Weekend catchup: March 30

Here are a collection of news items that I didn’t get a chance to write posts about this week:

Ukrainian woman whose rape caused protests dies

An 18-year-old Ukrainian woman who prosecutors say was gang-raped, half-strangled and then set on fire in an attack that sparked street protests in a provincial Ukrainian town, has died, a hospital official said on Thursday. Hundreds of people took to the streets earlier this month after police released two of Oksana Makar’s three suspected attackers whose parents had political connections, re-igniting a public debate on corruption in the ex-Soviet republic. Interior Minister Vitaly Zakharchenko confirmed earlier this month that the parents of at least one of the three suspects were former government officials in the Mykolaiv region.

 

What Goes on in There?: Taras H. Shevchenko Museum

the two-storey building that houses Toronto’s

Taras H. Shevchenko Museum is a cultural oasis, wedged incongruously between a dentist’s office and an employment agency. Inside, visitors will find a two-storey homage to Shevchenko, a 19th-century Ukrainian poet, artist, and rebel. The museum’s original location north of Oakville was damaged by arson in 1988. In 2001, its three-metre bronze statue of Shevchenko was sawed down and stolen by hooligans. Only the head was returned, when a Hamilton antique dealer tried to sell it back to the museum last November, apparently unaware of its criminal origins

 

Child coal mining film banned at Kyiv festival

After scooping 10 awards at international festivals, a Ukrainian-Estonian documentary on child labor in abandoned mines finally made it home to Ukraine. It was scheduled to premiere at an international documentary festival on March 24. But instead, in a bizarre and unprecedented turn of events, “Pit Number 8” was banned by its own Ukrainian producer.
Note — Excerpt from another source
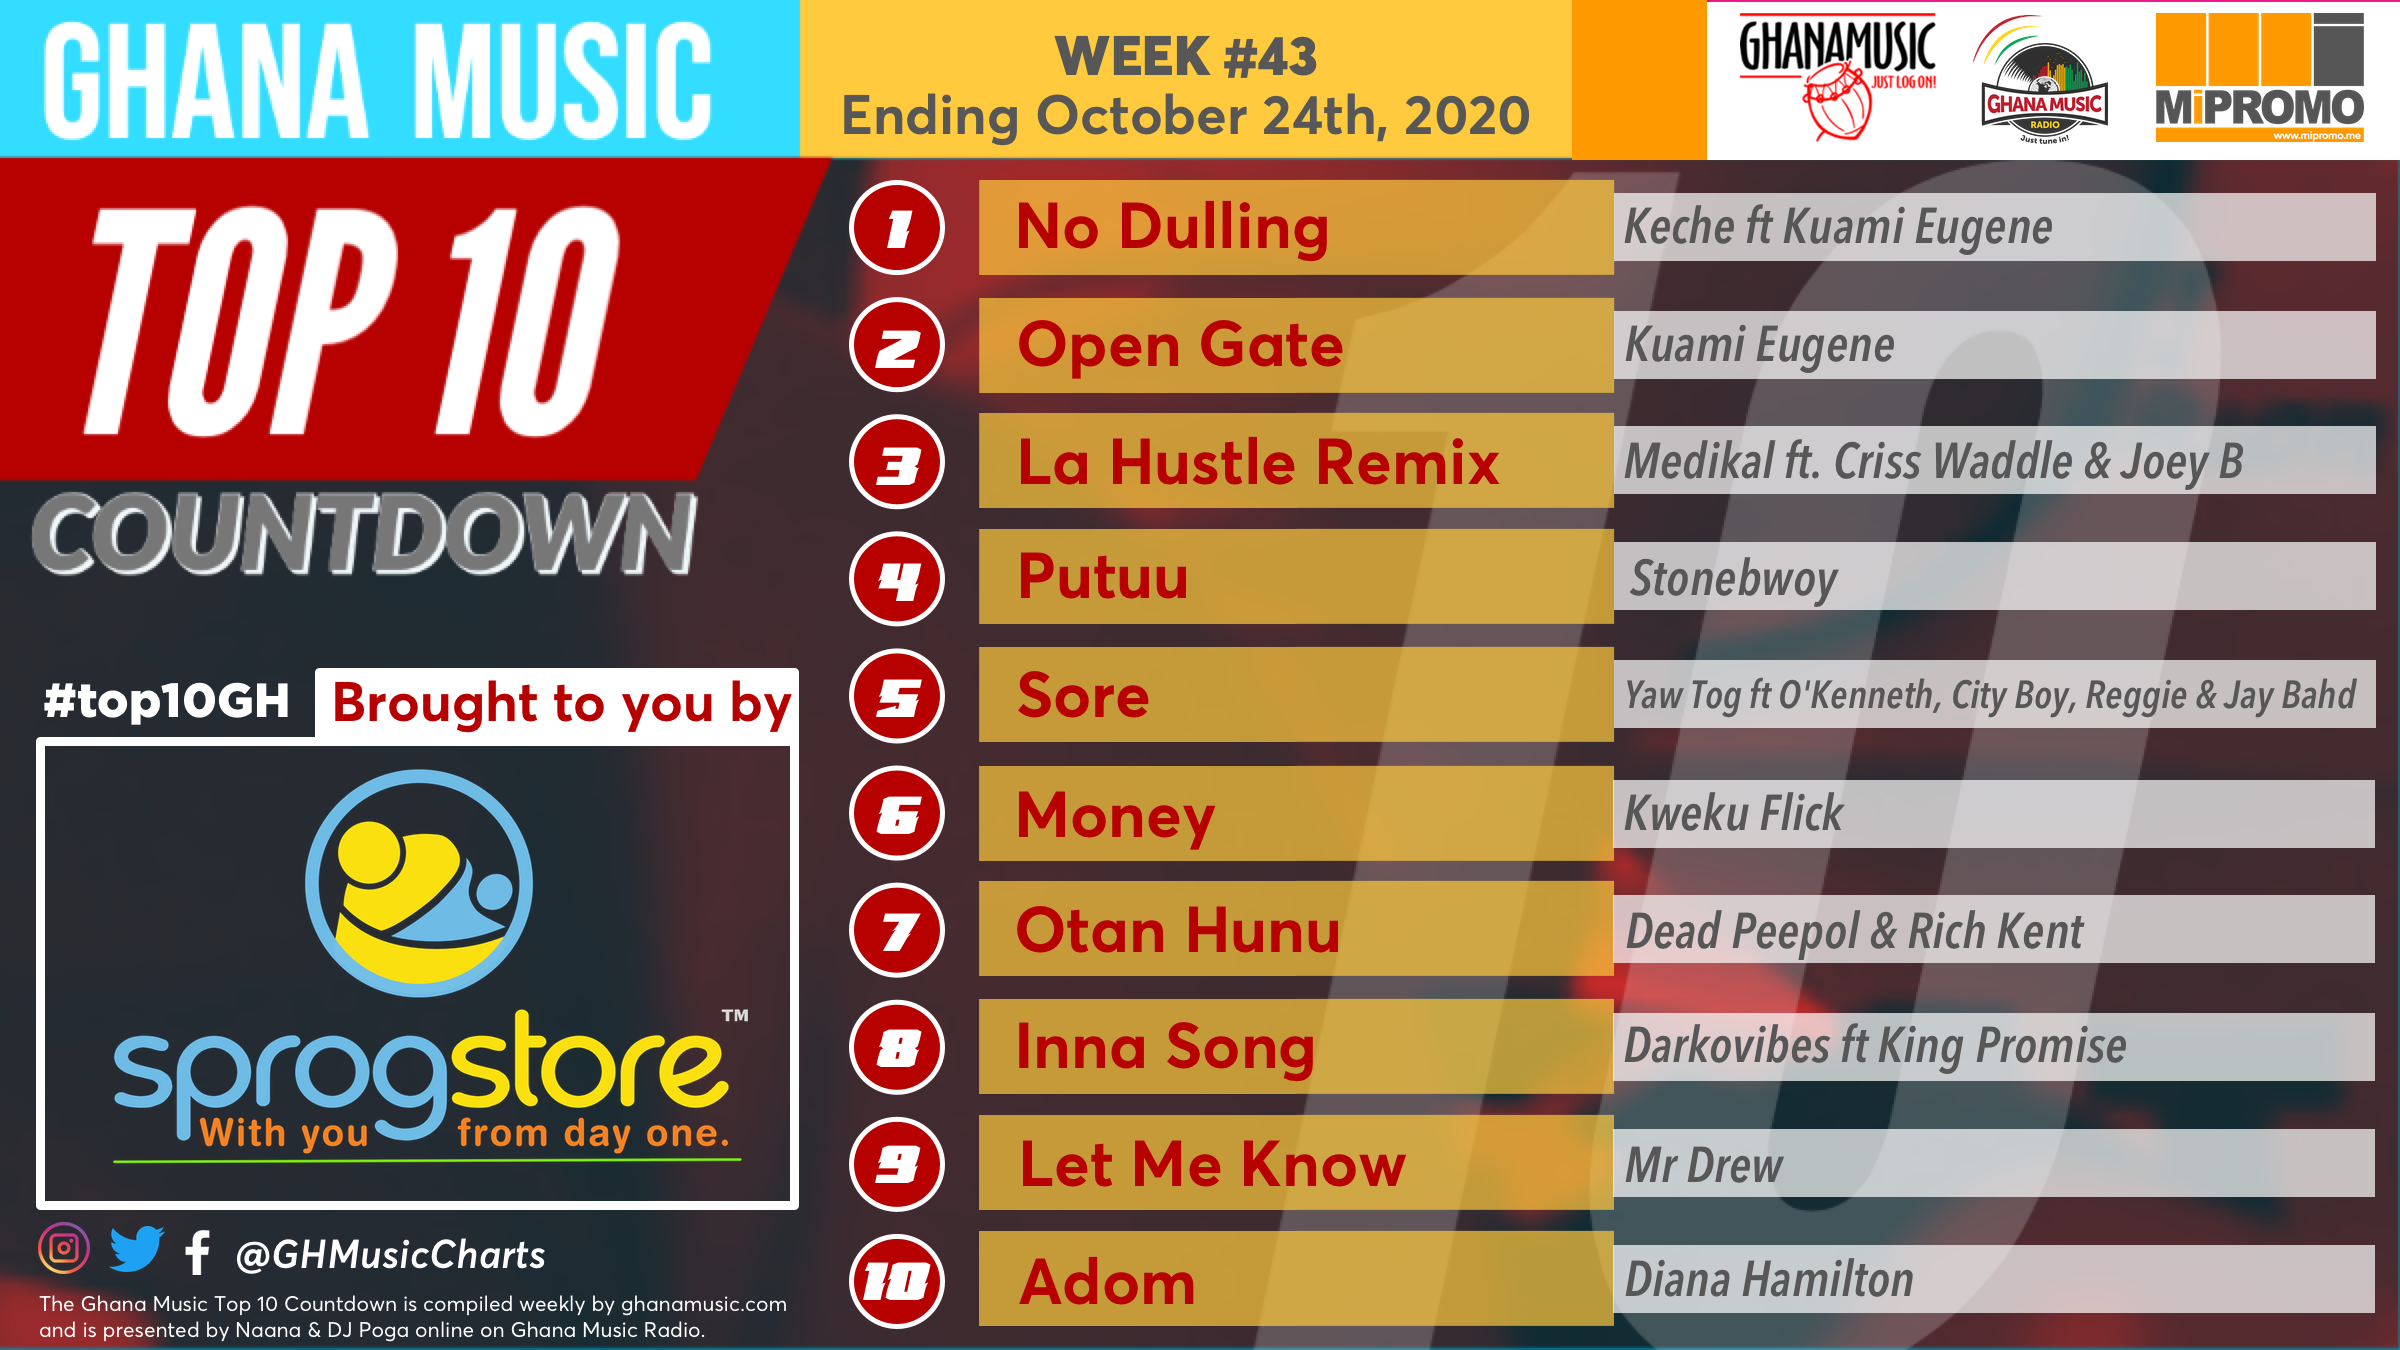 2020 Week 43: Ghana Music Top 10 Countdown

I actually had the opportunity to see the film last year at HotDocs, and it shows the grim life of people who work the dangerous coal mines – the heart of Yanukovych’s fan base. The entire movie is up on YouTube.

 

The Economist has the worst style guide when it comes to Ukraine

Style guides are used by newspapers to ensure the same guidelines are used by multiple journalists referring to the same thing, but I was completely shocked by what they have in their entry for Ukrainian names:

Since Ukrainian has no g, use h: Hryhory, Heorhy, Ihor (not Grigory, Georgy, Igor). Exception: Georgy Gongadze.

There very much exists ‘g’ in Ukrainian, it’s ґ, and ‘h’ is г. Conversely in Russian there is no ‘h’, just ‘g’ which is г . So a Ukrainian ‘h’ is a Russian ‘g’ which is why sometimes you’ll see golubtsi instead of holubtsi, and Golodomor instead of Holodomor.
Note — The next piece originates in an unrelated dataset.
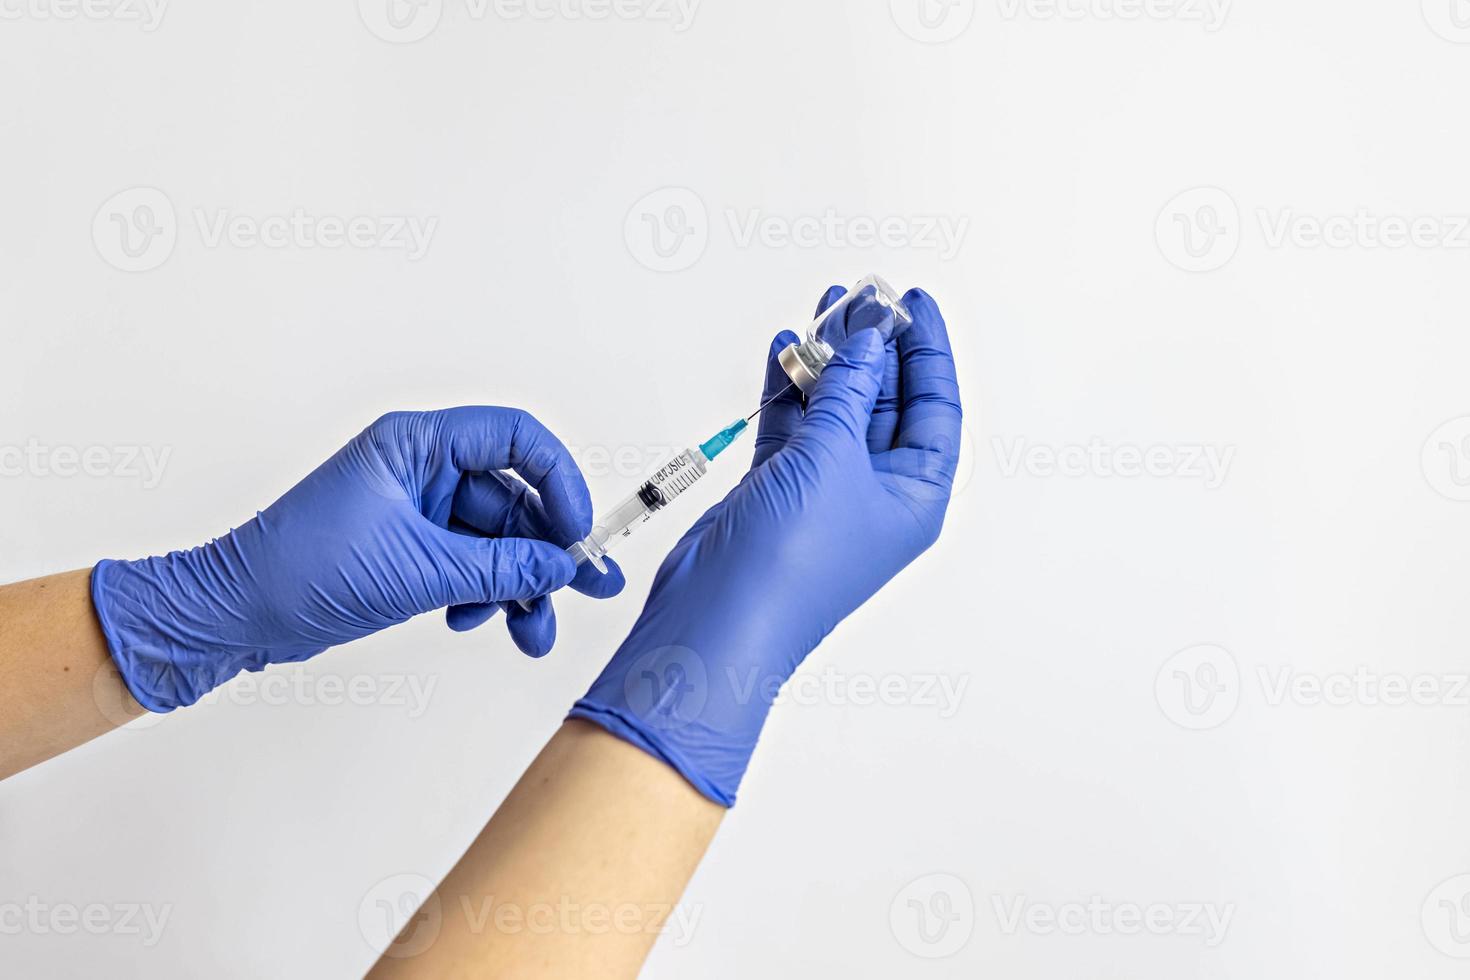 en medicinsk arbetare i medicinska handskar drar en dos av coronavirusvaccin i en spruta. begreppet vaccination, immunisering, förebyggande av människor från covid-19 foto

Use the familiar British renderings of placenames: Chernigov not Chernihiv, Kiev not Kyiv, Lvov not Lviv, and Odessa not Odesa.
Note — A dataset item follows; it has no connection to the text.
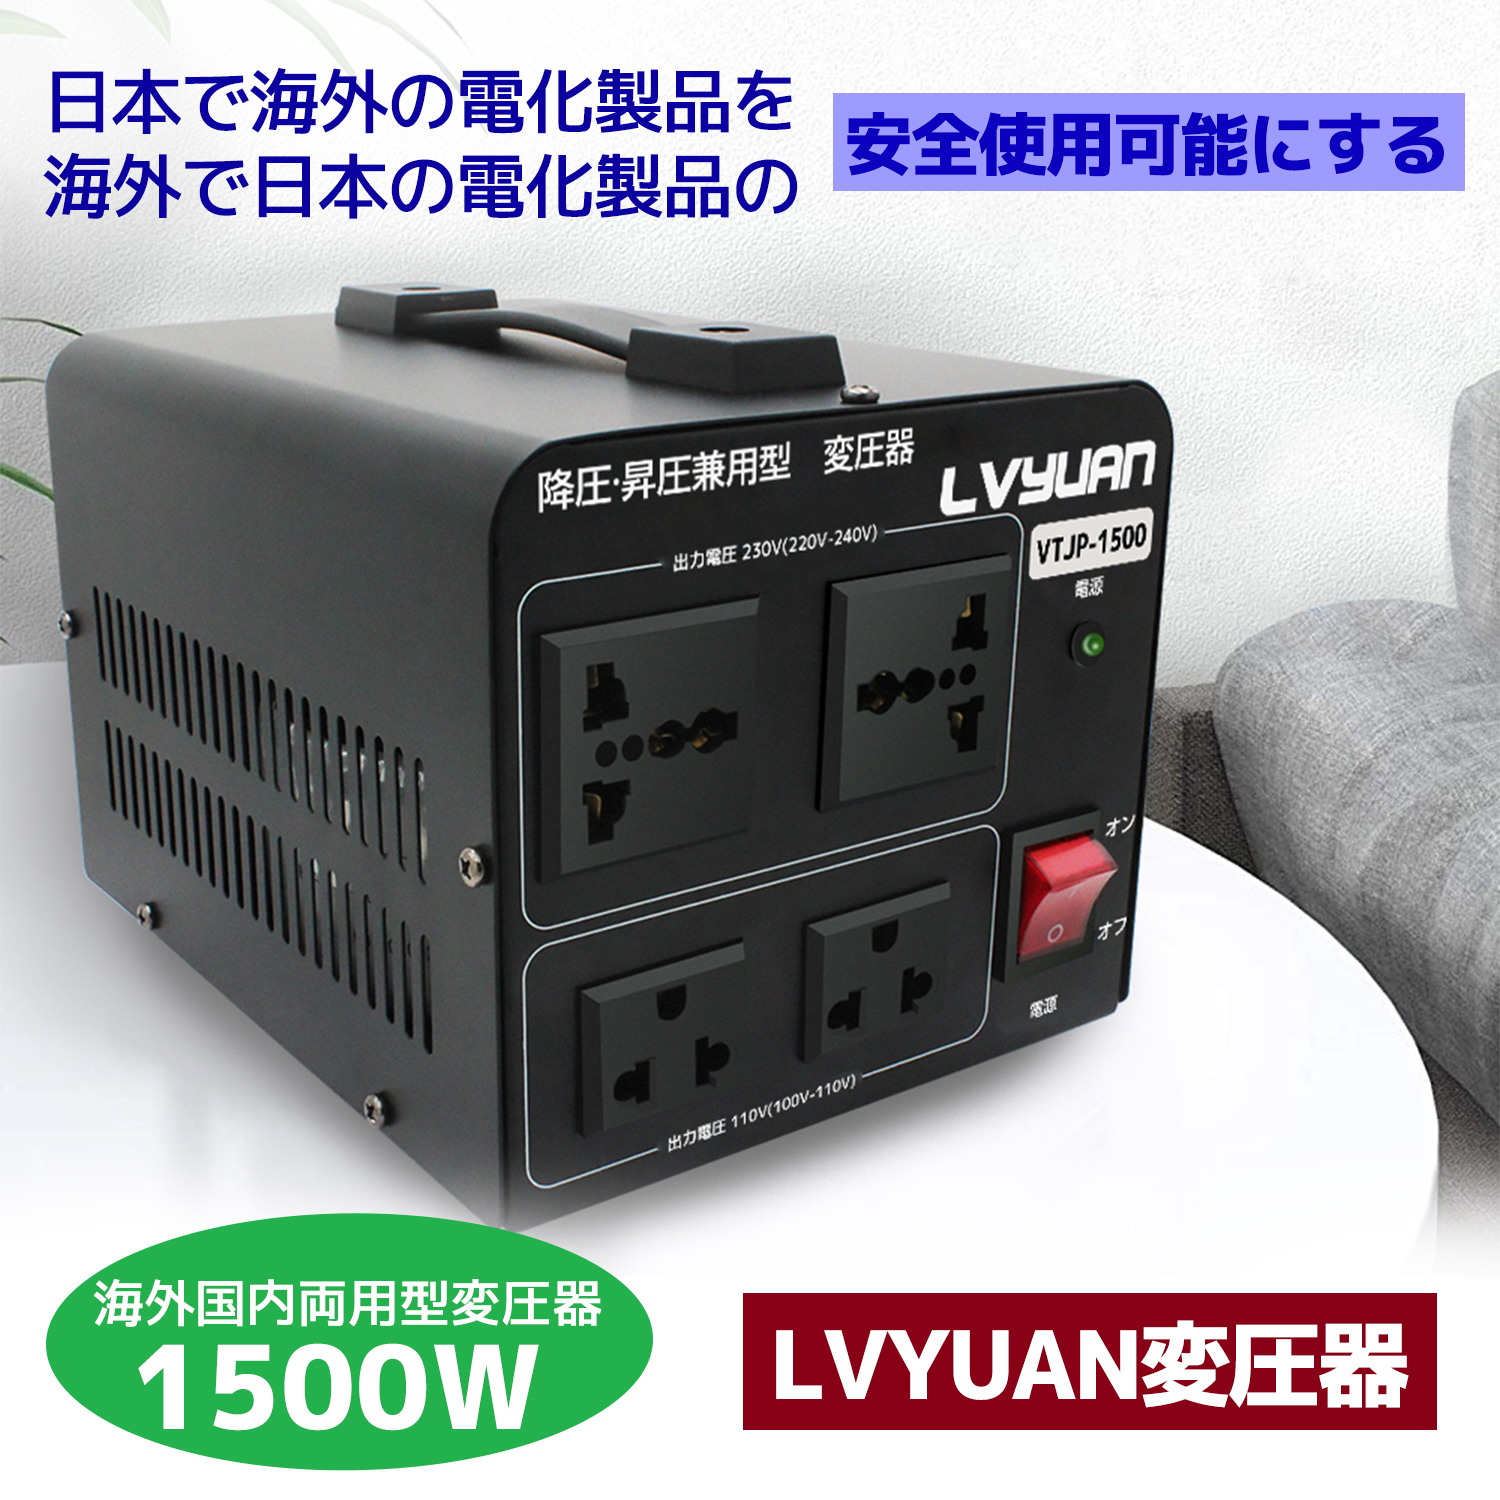 海外国内両用型変圧器 1500W アップトランス ダウントランス 降圧 昇圧

Those Soviet spellings went out decades ago. The Economist likes to think if you disagree then ‘it’s time to get a life’.

 

Anti-advertising for Euro 2012: We’re going to Ukraine

“Are you finally taking me to Paris?” “Better… we’re going to Ukraine!”

 

Easter

It’s April 8th 2012 for the Gregorian Calendar (ie. the Western world). For the rest of us who follow the Julian Calendar it’s April 15th.

 

Inside Ukrainian Dance


A local author takes us behind the colourful curtain of Ukrainian Dance. In his book, Dr. Andriy Nahachewsky explores the differences between what the audience sees on stage…and what would happen in a small Ukrainian village.

 

Baba’s medicine

We’re stepping back in time for some medical remedies Baba used in her kitchen. It’s all in a new book by a local author.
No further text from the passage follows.